As a comparative example, in the same RH equipment as in the example, the residual size of the refractory was measured by a method of inserting a profile meter from a dip tube, which is a conventional technique, and compared with the result according to the example. FIG. 4 shows changes in the number of uses and the residual size of the refractory in the comparative example. In the case of the comparative example, it takes time to move the profile meter directly under the tank in order to perform the measurement, but since the operation is interrupted during this period, the embodiment is required to secure the same production amount as the embodiment. Measurements can only be performed less frequently than (every 10 charges). Further, in the process of inserting and measuring the profile meter in the tank using many driving devices, the accuracy of grasping the position of the profile meter is lowered, and as a result, the accuracy of the measurement result is also lowered.

Table 1 shows the results of actually verifying the residual size accuracy for a plurality of lower tanks in the above examples and comparative examples. In each example, when the error between the hot measured value after the processing was completed and the measured value measured in the furnace after that was calculated, the error from the measured value was 25% or more in the comparative example (conventional technique). In contrast to about 40%, in the present invention, it was suppressed to 4% or less, and the accuracy was greatly improved.

By applying the present invention, it was possible to accurately grasp the residual size of the refractory in the tank and reduce the trouble of perforating the iron skin of the refractory in the lower tank from 4 times / year to 0 times / year. In addition, it was possible to replace the tank after the refractory was used up safely, and the cost of the refractory could be reduced.

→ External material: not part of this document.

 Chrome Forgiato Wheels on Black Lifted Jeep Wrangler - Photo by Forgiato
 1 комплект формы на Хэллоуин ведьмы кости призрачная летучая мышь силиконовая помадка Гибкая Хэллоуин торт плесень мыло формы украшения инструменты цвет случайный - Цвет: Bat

1 ... container, 2 ... iron skin, 3 ... back insulation material, 4A ... permanent refractory, 4B ... wear refractory, 5 ... OB lance charging hole, 6 ... canopy, 7 ... upper tank, 8 ... lower tank, 9 ... Immersion tube, 10 ... Bullion, 11 ... Laser profile meter, 12 ... Radiation thermometer.

Claims (3)

Using one or more laser profile meters installed outside the container with the refractory lined on the inner surface of the iron skin, the inside of the container is irradiated with a laser to measure the profile of the refractory, and the profile is measured. Based on the process of calculating the residual dimension A of the refractory,
A step of measuring at least the surface temperature of the iron skin from the outside of the container at the same time as measuring the profile and calculating the residual size B of the refractory based on the surface temperature is included.
If the profile is measurable, the residual dimension A is defined as the residual dimension of the refractory.
When both the profile and the surface temperature were measurable, the difference between the residual dimension A and the residual dimension B calculated based on each was recorded as a correction value.
When the profile is not measurable and the surface temperature is measurable, the residual dimension B is corrected by using the latest correction value to calculate the residual dimension of the refractory. , Hot diagnostic method for refractories. The hot diagnostic method for a refractory according to claim 1, wherein in the step of calculating the residual dimension B, the surface temperature of the refractory is measured in addition to the surface temperature of the iron skin. The container is a vacuum degassing device used in steel refining.
Claim 1 or claim, wherein the laser profile meter is installed above the outside of the furnace of the vacuum degassing device and irradiates a laser from a furnace top opening toward the inside of the vacuum degassing device. The method for hot diagnosis of refractories according to 2.